Human language is not constant and changes over time. Everything changes: pronunciations, word meanings and even grammar. Read Shakespeare or even listen to modern British TV shows (without closed captioning) and you will see what I mean. English is part of the broader Indo-European language family, a series of related languages believed to have a common prehistoric origin. That original language is lost, but a word list has been reconstructed for many common words.
The process of reconstruction of the original Indo-European language is somewhat similar to your taking photographs of everyone attending the family reunion and running the photographs through a computer program that averages and combines the photographs into a single face. The end result might just look a little like your great-great-grandfather and common ancestor of the group. This is a simplified explanation and language reconstruction also involves applying certain rules about how sounds in languages are likely to change over time. If you hear the word for horse in English and also in other familiar Indo-European languages, most of them sound very different, and you might think that this entire notion of an Indo-European language family is all wrong. However, there are explanations why this is true in the case of the various words that mean horse.

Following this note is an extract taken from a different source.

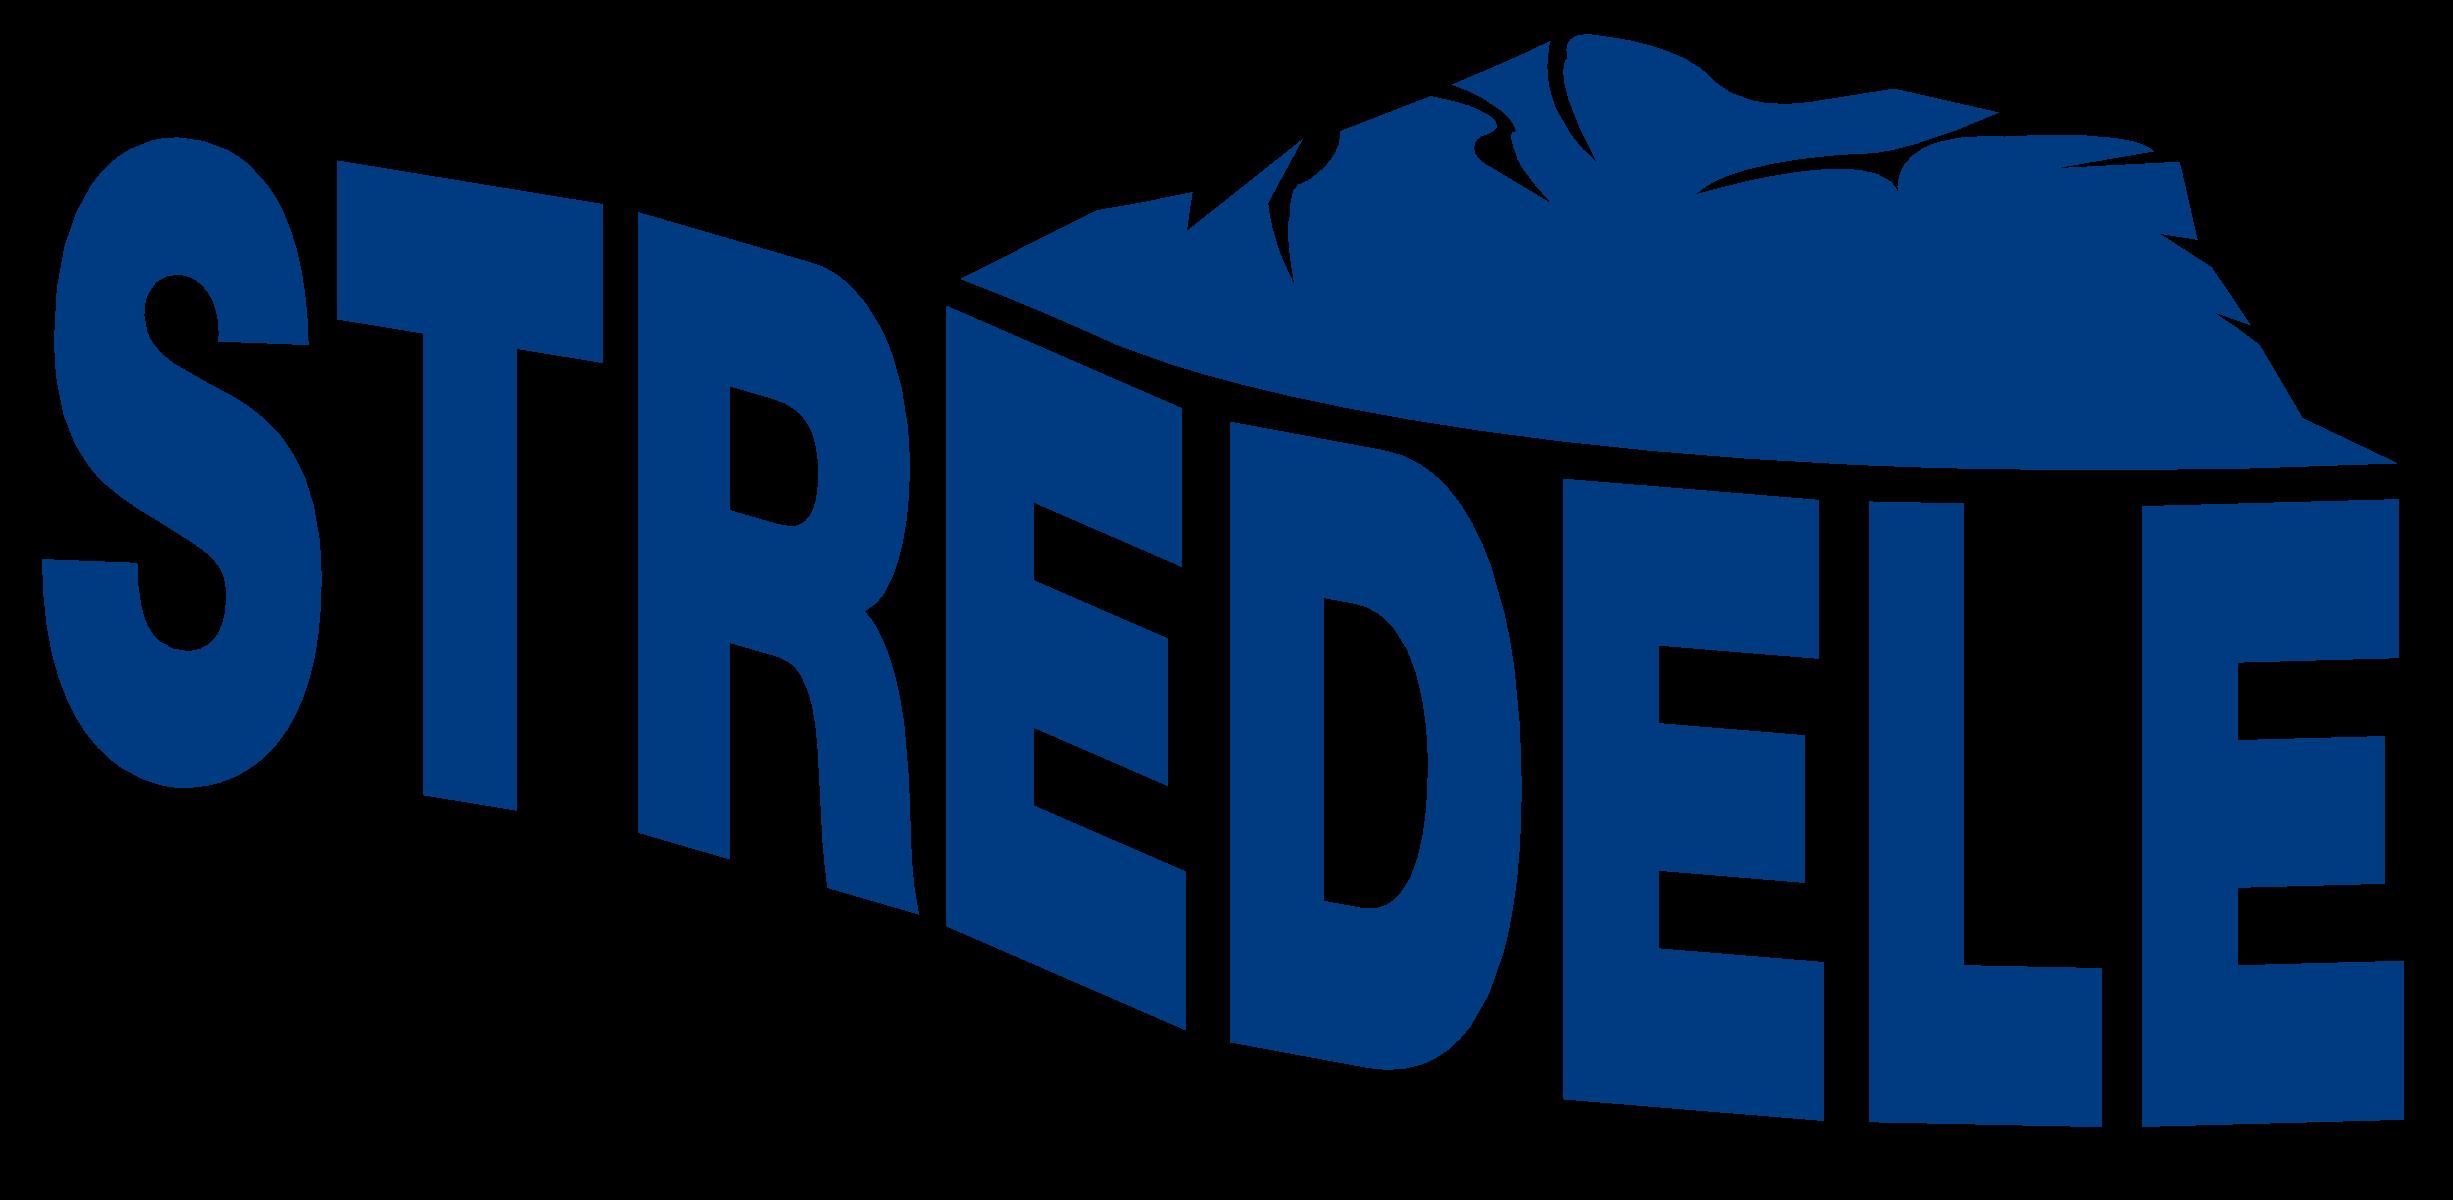 Stredele Logo

Scholars have reconstructed the original Proto-Indo-European word for horse as ékwos. This word slowly evolved into the Greek hippos and the Latin equus and many other words in various ancient languages. These classical roots are preserved in modern English words like “hippodrome” and “equestrian." However, the Romans used a second slang word (in Vulgar Latin or common spoken Latin) for horse caballus, which at the time had the connotation of being a nag. This word, and not the more formal Latin equus, became the word for horse in Romance languages that evolved from Latin. For example, we have caballo in Spanish and cheval in French.

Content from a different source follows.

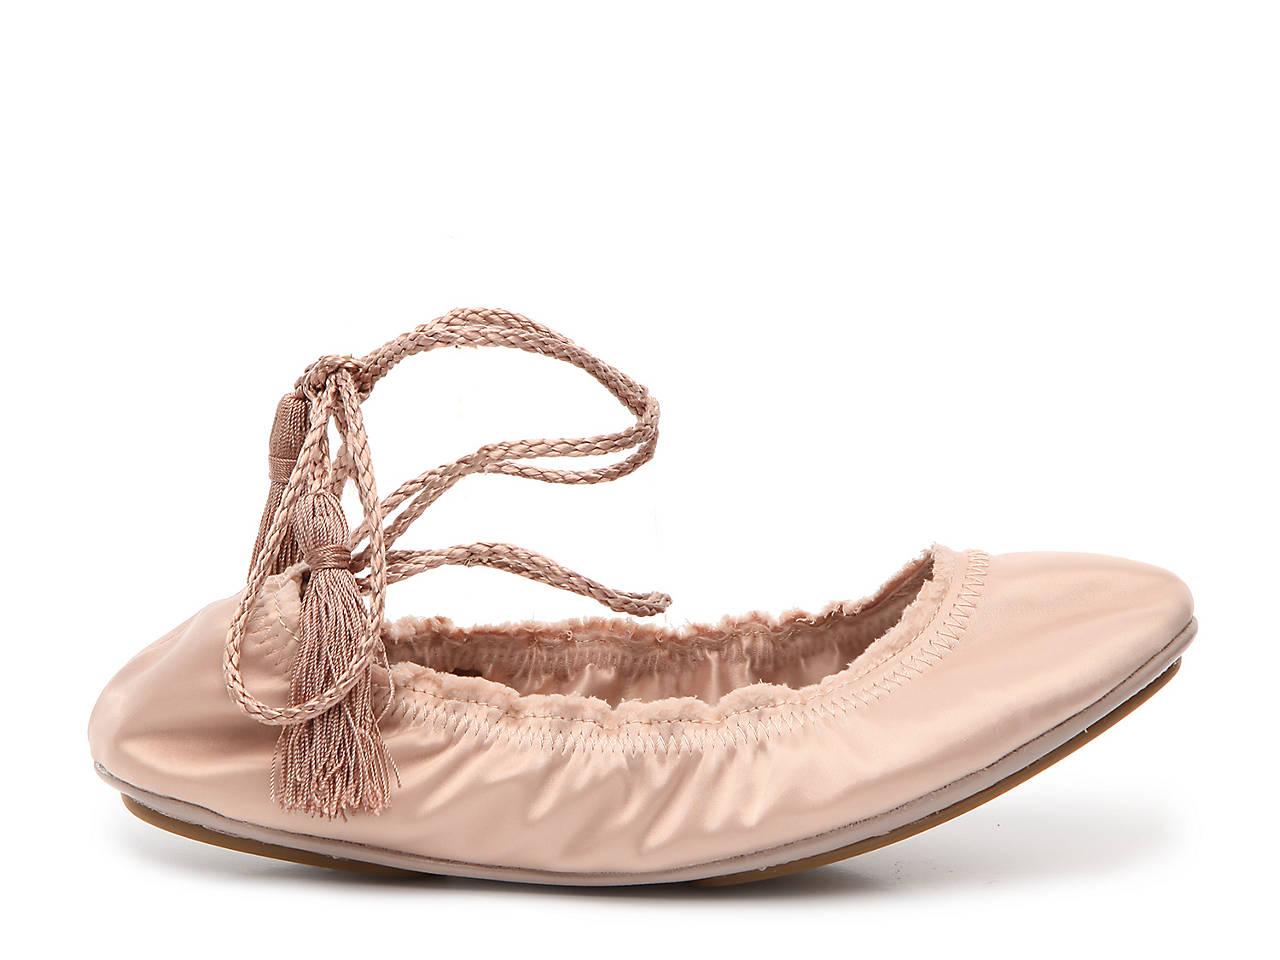 dadccd72e Joie Bandele Ballet Flat Women's Shoes   DSW

The usually given German word for horse is Pferd, which sounds nothing like the words for horse in the Romance languages. However, this word originated from another Latin word paraveredus. This word originally had a very specific meaning of a spare post horse in a way station. No doubt the Germans who first had contact with the Roman Empire were aware of the Roman courier system, but just why they would borrow this specific word, generalize it to the class of all horses,and gave up their older word for horse is uncertain. No doubt the Roman stations where missing all of their fine paraveredi after the German tribes passed through. Paraveredus became palefridus and in time was shortened to Pfred. The word palefridus is the also the origin of the English word “palfrey.” There is a second German word for horse that was more commonly used in the southern regions of the country: das Ross. Like many regionalisms its use is in decline. The English word "horse" does not sound anything like the words of the other languages and in fact may be closer than Pferd to the original old German word. Its origin was a prehistoric Germanic word reconstructed as khorsaz. This word also evolved into the Icelandic word for horse hestur.
It seems odd that a word like ékwos evolved in over six thousand years of people talking into the word horse. The truth is that language change is all around us, and we hardly notice it. We say m-EYE-graines for migraines while the English say m-E-graines. We hear them say “His Majesty’s Clarks” (for his Majestie's Clerkes, a British a cappella group) while we would say it as “His Majesty’s Clerks.” For the most part this hits us as a momentary oddity, and we move on speaking our language as we heard learned it on our mother’s knee. However, what we are really hearing is that slow process of language change.